Who wrote these? Most name Valentín Carderera, the first biographer, and Moratín. On the preparatory sketch, however, in which the cock-faced man—the spitting image of big-nosed Martin in the portrait he just finished—is naked, stripped even of the upside-down trousers, Goya scribbled, in his unmistakeable hand, “This is a man who because he was told he had an indecent face put his underwear on his head, and only when eating does he reveal himself.”
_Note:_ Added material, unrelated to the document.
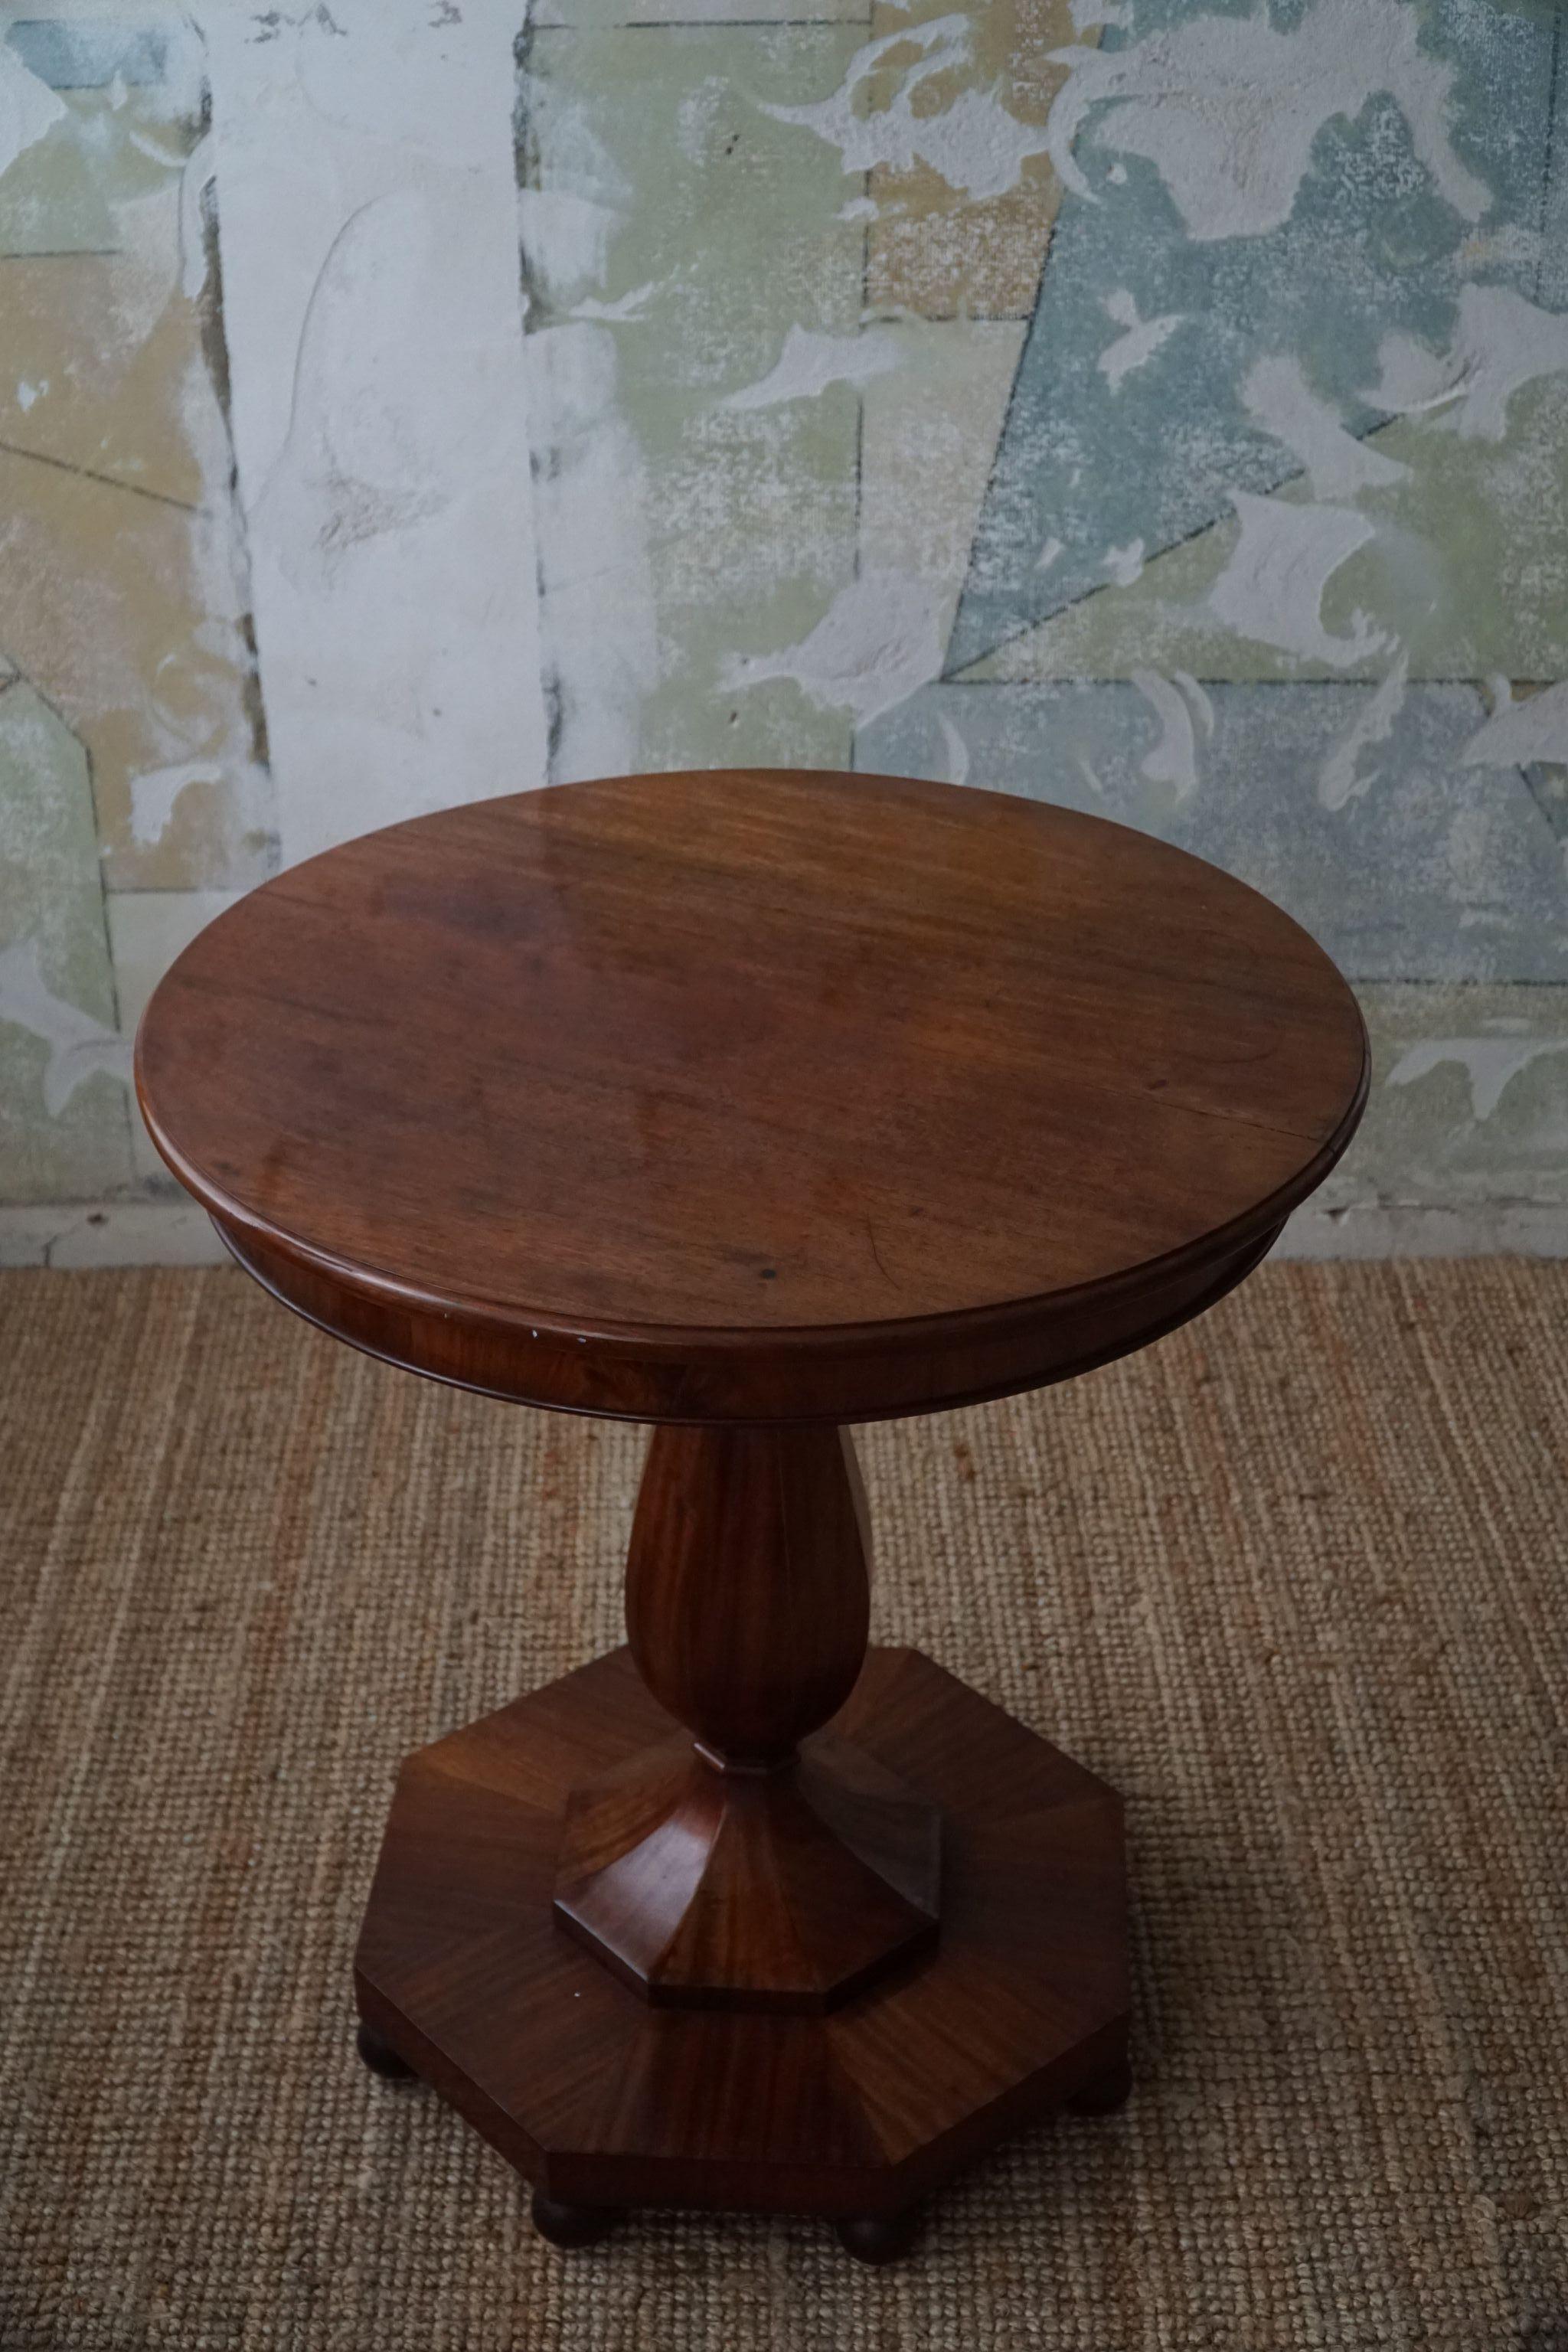 Art Deco, Round Pedestal / Side Table in Walnut, By a Danish Cabinetmaker, 1940s For Sale 13

He, Goya, is actually large of body—his mind goes off like this, like a shot—the head larger still, well outside the accepted canon of proportions, and stiff-jointed; and he wears whatever is laid out for him. This is not to say he is not particular about how he appears to others. Like the truly vain, he thinks himself above vanity. And his complexion is pale, deprived of light. Etiolated was the word Moratín used to describe him later that night at Lady Holland’s tertulia. “Eres tan etiolada, Paco,” the poet said when he clapped eyes on him in the library. Moratín sheathed in a long green coat with grey velveteen cuffs, a short blue jacket with a great number of small metal buttons, a particoloured silk waistcoat, black velvet breeches, blue stockings, and long quartered shoes with large glittering buckles. “Como una lanza de espárrago blanco.” Like a spear of white asparagus.
Of course, Goya didn’t hear a word of this. He was turned toward the Duquesa of Benevente. She started to laugh, he turned. The others tittered. His pale face reddened. He walked out of the room, descended the stairs, retrieved his hat and his stick, and took his leave.
Killed by words, murdered by words.
Which of these deformados is he? He hears it slop into the pot in his mind. He is almost always present somewhere in his pictures. Revealed by the sun and its brightness, concealed by the night. His face, if it is indeed his face, in or out of countenance cannot be construed, as it is hidden from our view. His head is indeed pale—palely depicted, barely sketched out. Lifeless, drained of blood, or bathed again in moonlight.
No more newspapers. No stories about yellow fever in the ports and the massacres in France.
No rats. No politics. No thought. No commentary. No hours to waste.
The pen, the brush, the spear of asparagus and its depiction, these he can control.
“¡Sereno!” he shouts, and the lantern approaches, and the man with the keys emerges from the darkness. The watchman studies his face, opens the door, and lights his way to the third floor, where they bid each other goodnight.